ENTRIES SHOWN:
◆ ◆ ◆ ◆

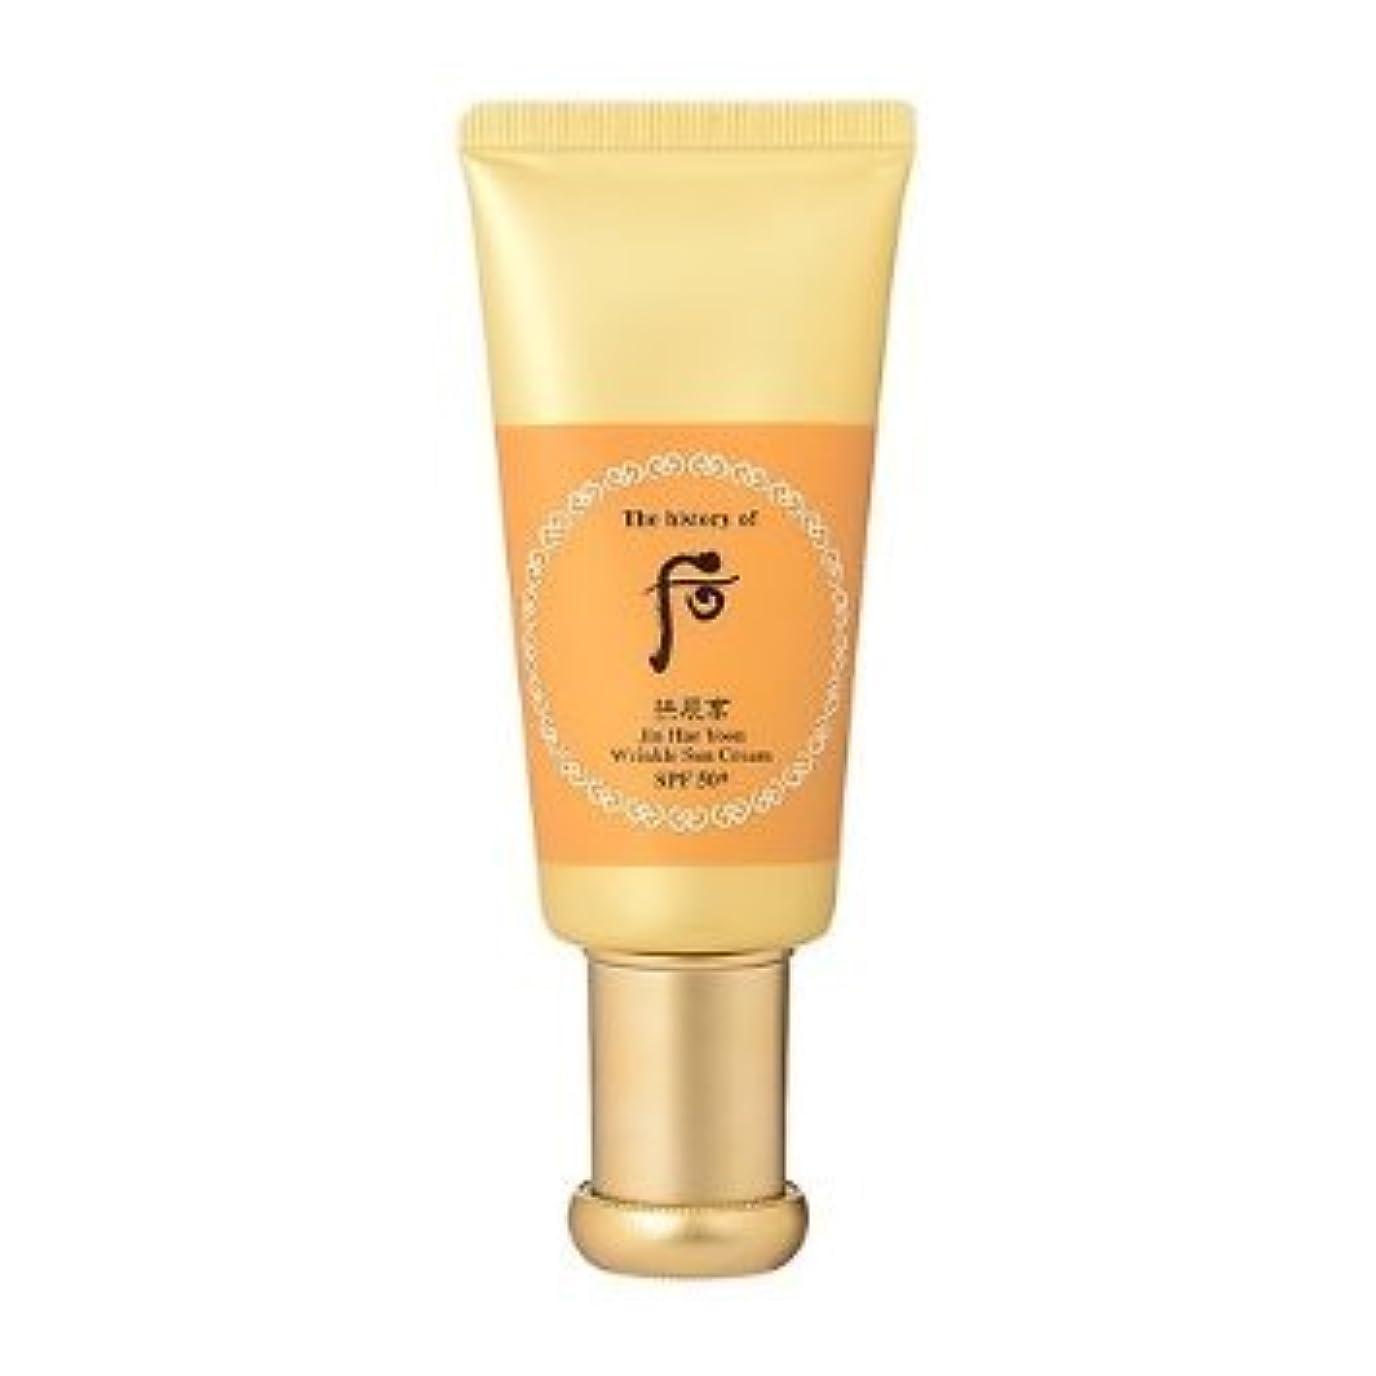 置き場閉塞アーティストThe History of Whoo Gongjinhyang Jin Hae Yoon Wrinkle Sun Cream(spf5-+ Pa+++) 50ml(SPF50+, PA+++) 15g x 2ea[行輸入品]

◆ ◆ ◆ ◆

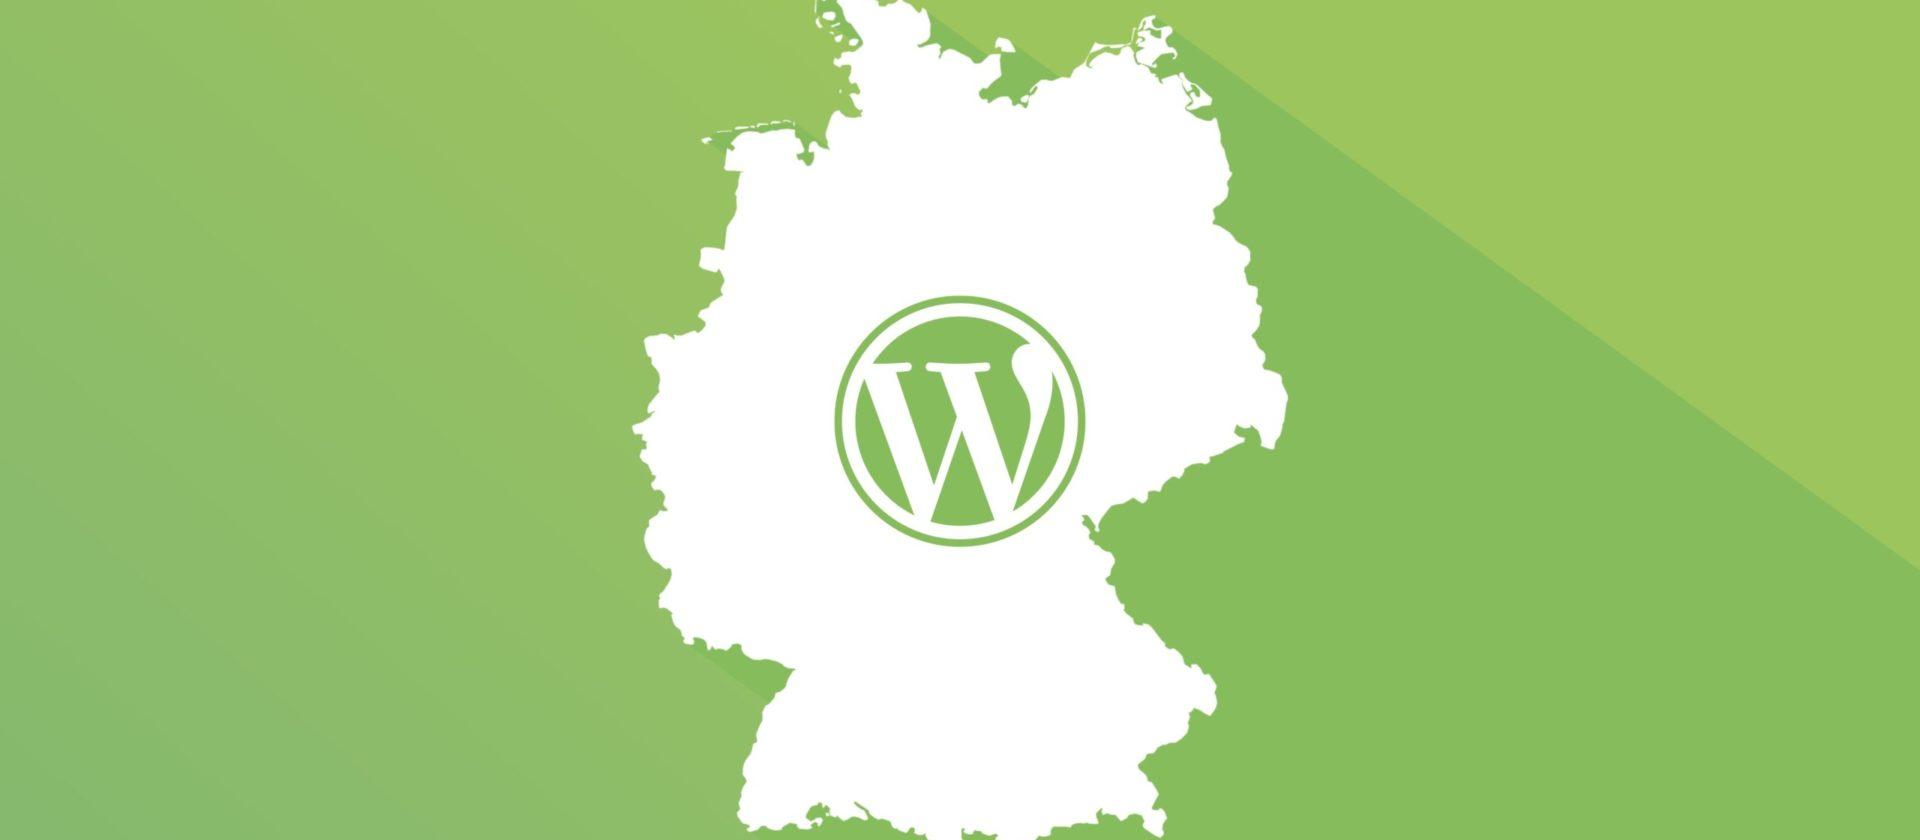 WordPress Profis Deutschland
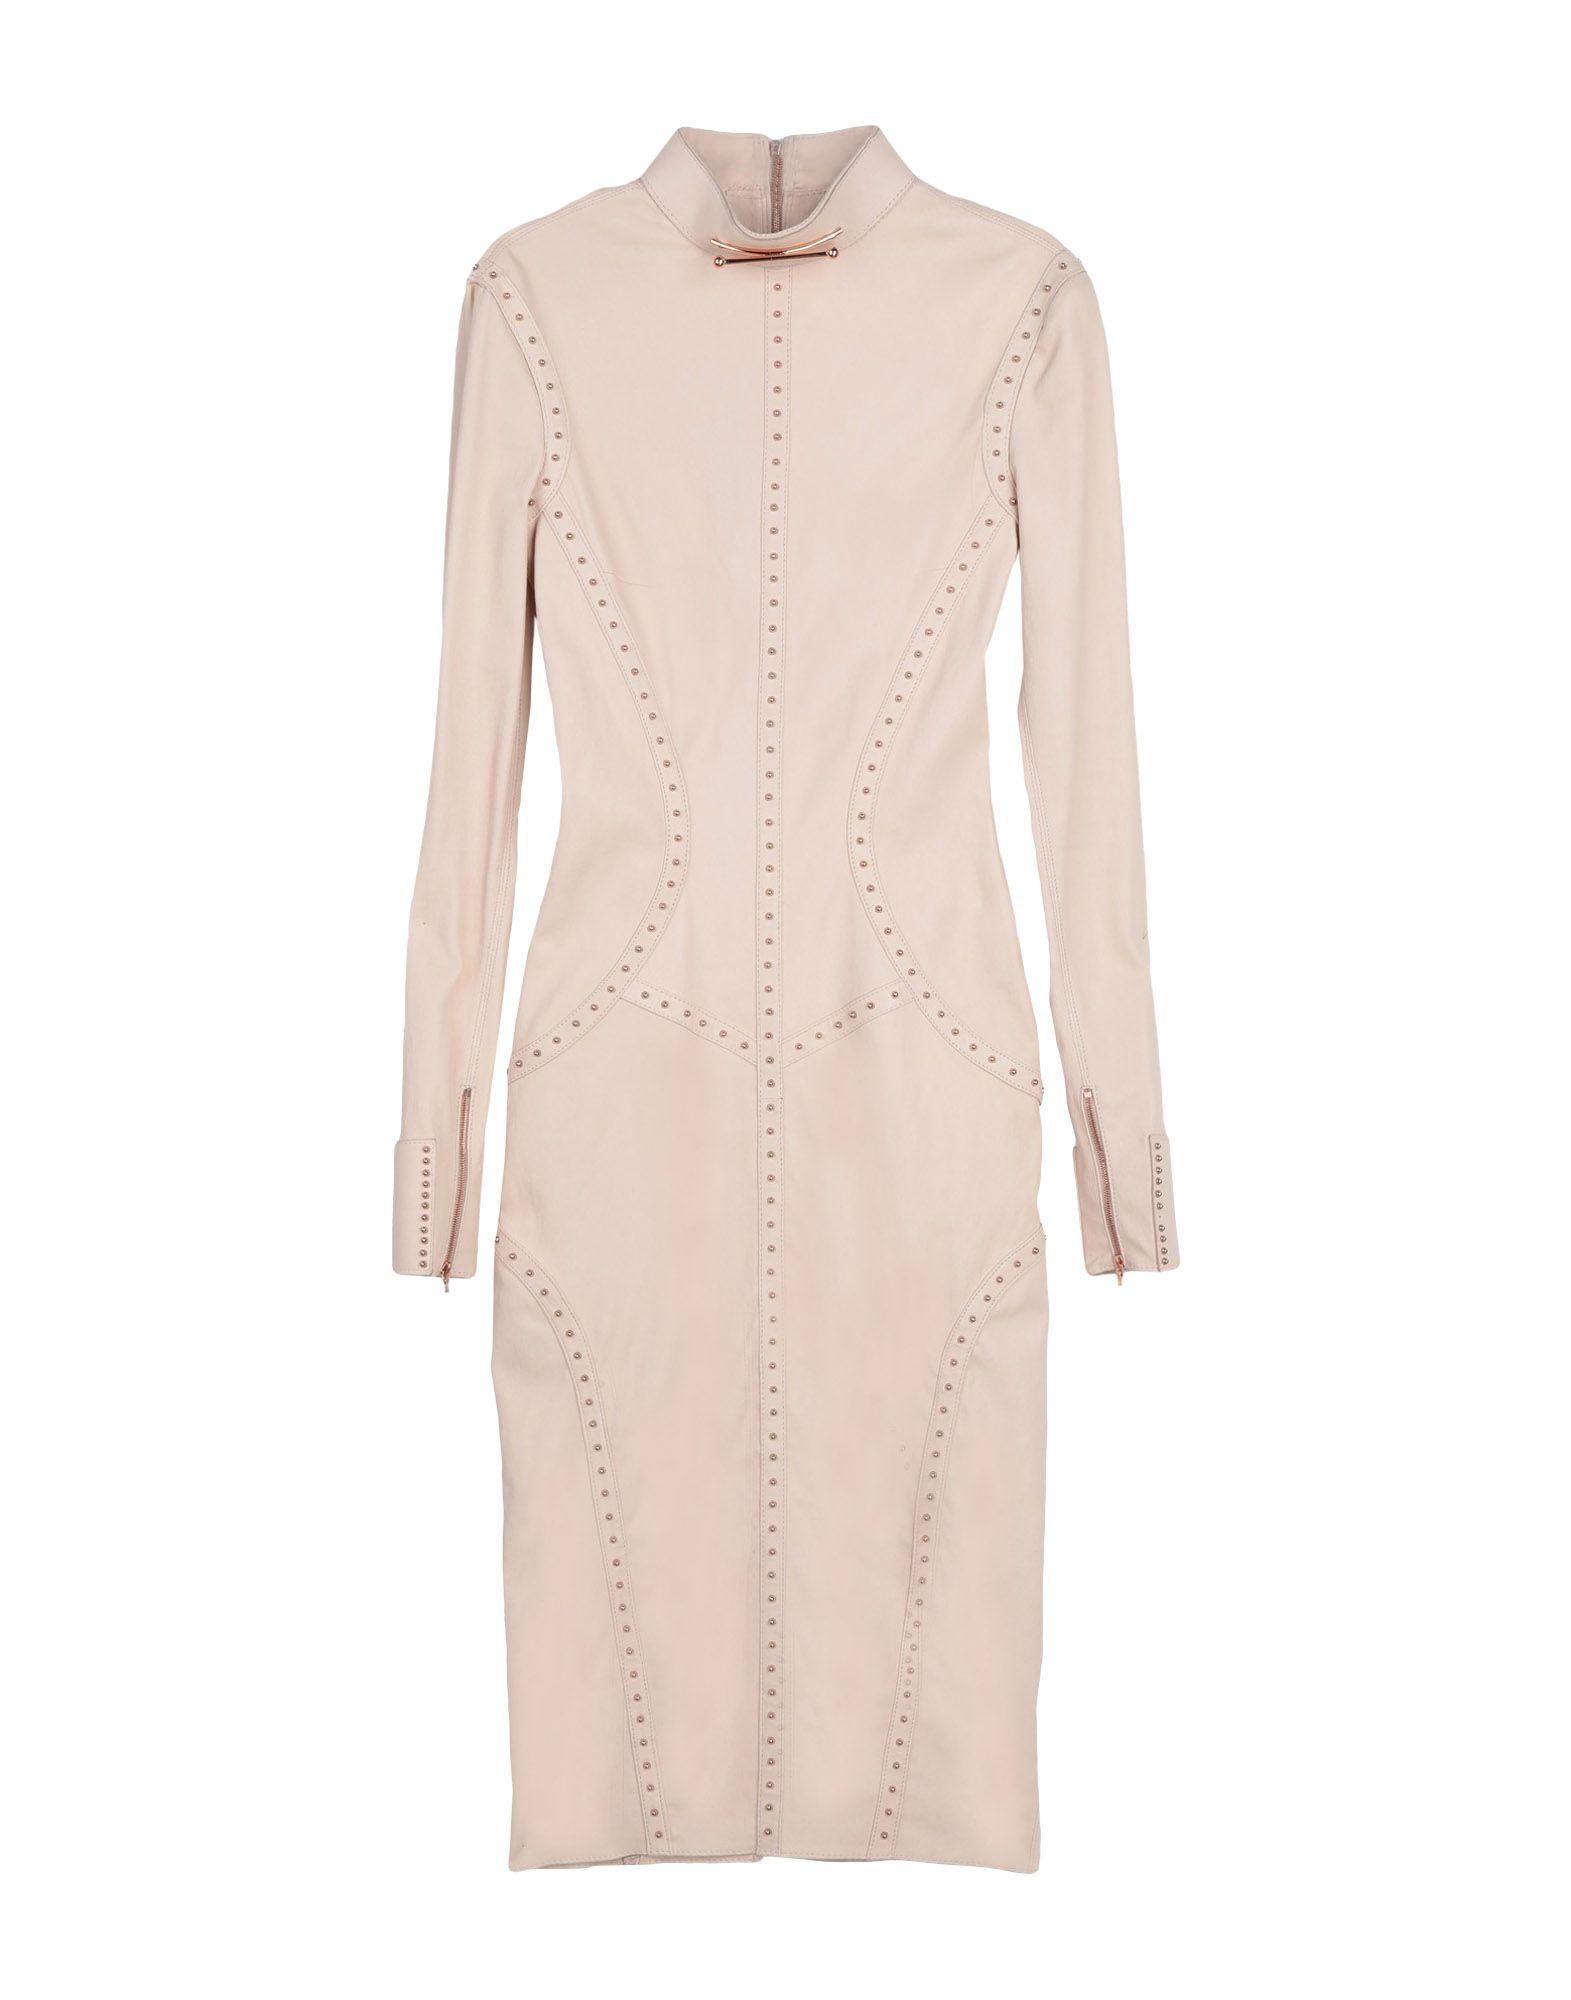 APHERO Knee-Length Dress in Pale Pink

◆ ◆ ◆ ◆

PROBLEM TO SOLVE: Reproduce exactly the lines above starting at the line containing "WordPress Profis Deutschland" and ending at the line containing "APHERO Knee-Length Dress in Pale Pink", including both, but not the pictures.

TASK SOLUTION:
 WordPress Profis Deutschland
 APHERO Knee-Length Dress in Pale Pink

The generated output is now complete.